What you have here is a - naive - implementation of "lazy initialization".
Short answer:
Using lazy initialization unconditionally is not a good idea. It has its places but one has to take into consideration the impacts this solution has.
Background and explanation:
Concrete implementation:
Let's first look at your concrete sample and why I consider its implementation naive:
It violates the Principle of Least Surprise (POLS). When a value is assigned to a property, it is expected that this value is returned. In your implementation this is not the case for null:
foo.Bar = null;
Assert.Null(foo.Bar); // This will fail
It introduces quite some threading issues: Two callers of foo.Bar on different threads can potentially get two different instances of Bar and one of them will be without a connection to the Foo instance. Any changes made to that Bar instance are silently lost.
This is another case of a violation of POLS. When only the stored value of a property is accessed it is expected to be thread-safe. While you could argue that the class simply isn't thread-safe - including the getter of your property - you would have to document this properly as that's not the normal case. Furthermore the introduction of this issue is unnecessary as we will see shortly.
In general:
It's now time to look at lazy initialization in general:
Lazy initialization is usually used to delay the construction of objects that take a long time to be constructed or that take a lot of memory once fully constructed.
That is a very valid reason for using lazy initialization.
However, such properties normally don't have setters, which gets rid of the first issue pointed out above.
Furthermore, a thread-safe implementation would be used - like Lazy<T> - to avoid the second issue.
Even when considering these two points in the implementation of a lazy property, the following points are general problems of this pattern:
Construction of the object could be unsuccessful, resulting in an exception from a property getter. This is yet another violation of POLS and therefore should be avoided. Even the section on properties in the "Design Guidelines for Developing Class Libraries" explicitly states that property getters shouldn't throw exceptions:
Avoid throwing exceptions from property getters.
Property getters should be simple operations without any preconditions. If a getter might throw an exception, consider redesigning the property to be a method.
Automatic optimizations by the compiler are hurt, namely inlining and branch prediction. Please see Bill K's answer for a detailed explanation.
The conclusion of these points is the following:
For each single property that is implemented lazily, you should have considered these points.
That means, that it is a per-case decision and can't be taken as a general best practice.
This pattern has its place, but it is not a general best practice when implementing classes. It should not be used unconditionally, because of the reasons stated above.
In this section I want to discuss some of the points others have brought forward as arguments for using lazy initialization unconditionally:
Serialization:
EricJ states in one comment:
An object that may be serialized will not have it's contructor invoked when it is deserialized (depends on the serializer, but many common ones behave like this).
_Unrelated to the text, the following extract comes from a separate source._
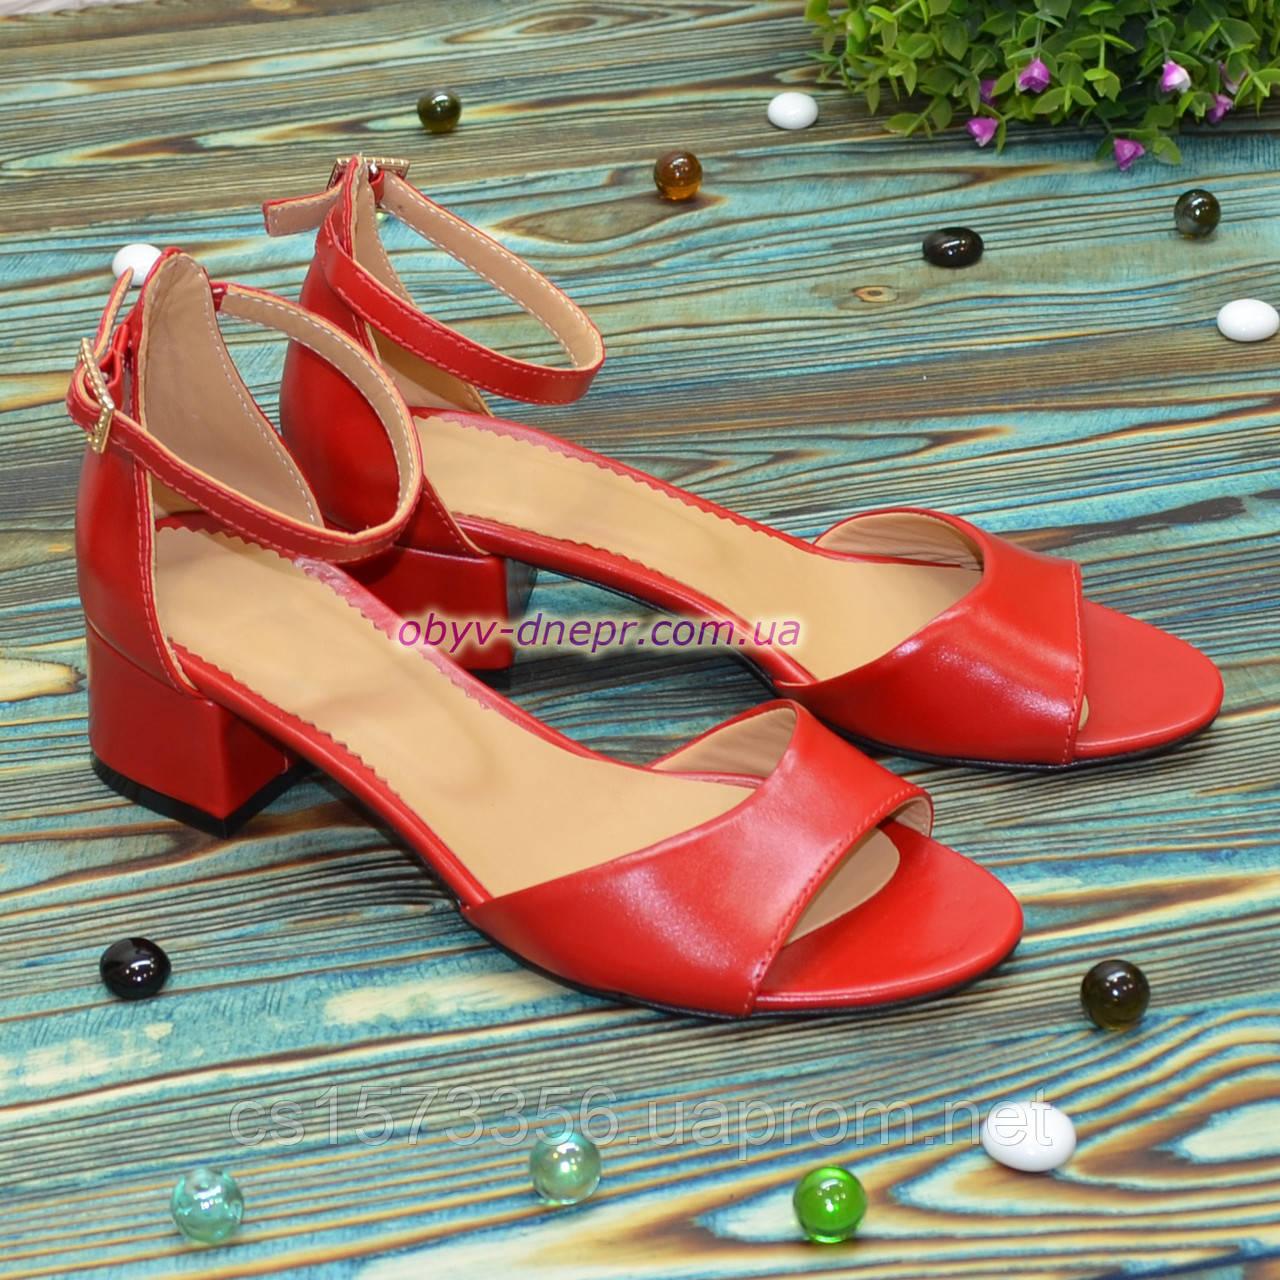 Босоножки женские кожаные на невысоком каблуке, цвет красный
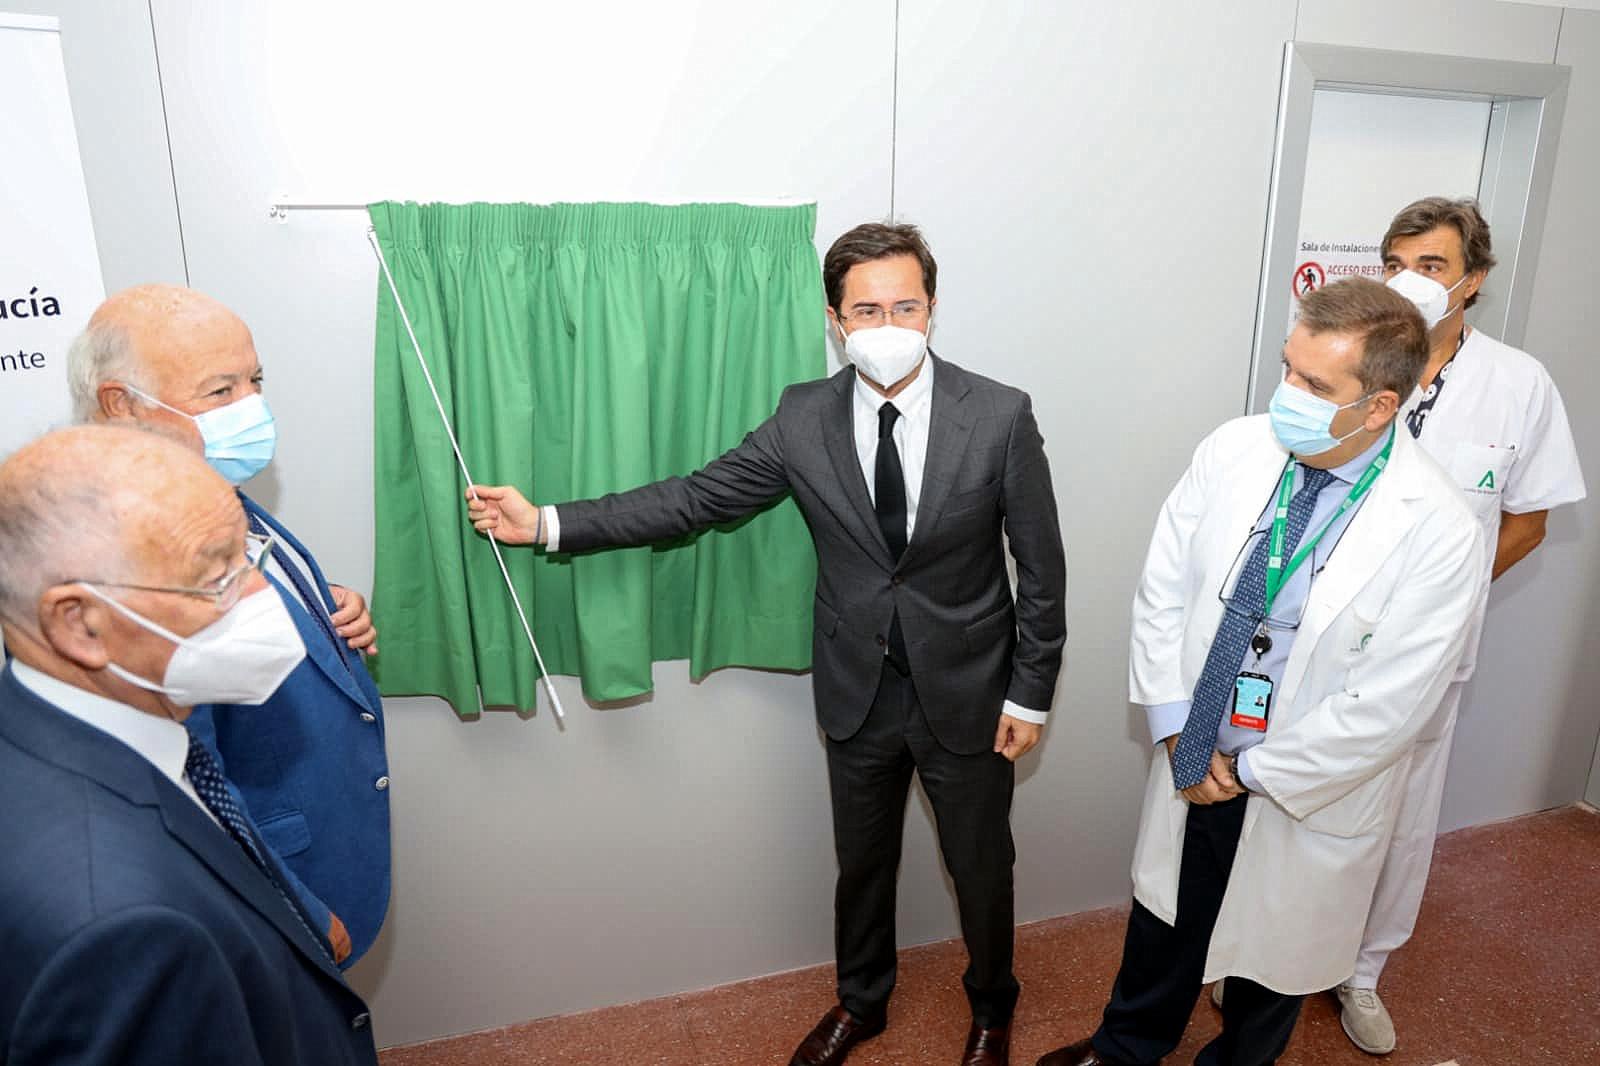 El consejero de Salud y Familias ha visitado las obras de ampliación del Hospital de Poniente que tienen una inversión de 18 millones de euros

Putting initialization code in the constructor means that you have to provide additional support for deserialization. This pattern avoids that special coding.
There are several problems with this argument:
Most objects never will be serialized. Adding some sort of support for it when it is not needed violates YAGNI.
When a class needs to support serialization there exist ways to enable it without a workaround that doesn't have anything to do with serialization at first glance.
Micro-optimization:
Your main argument is that you want to construct the objects only when someone actually accesses them. So you are actually talking about optimizing the memory usage.
I don't agree with this argument for the following reasons:
In most cases, a few more objects in memory have no impact whatsoever on anything. Modern computers have way enough memory. Without a case of actual problems confirmed by a profiler, this is pre-mature optimization and there are good reasons against it.
I acknowledge the fact that sometimes this kind of optimization is justified. But even in these cases lazy initialization doesn't seem to be the correct solution. There are two reasons speaking against it:
Lazy initialization potentially hurts performance. Maybe only marginally, but as Bill's answer showed, the impact is greater than one might think at first glance. So this approach basically trades performance versus memory.
If you have a design where it is a common use case to use only parts of the class, this hints at a problem with the design itself: The class in question most likely has more than one responsibility. The solution would be to split the class into several more focused classes.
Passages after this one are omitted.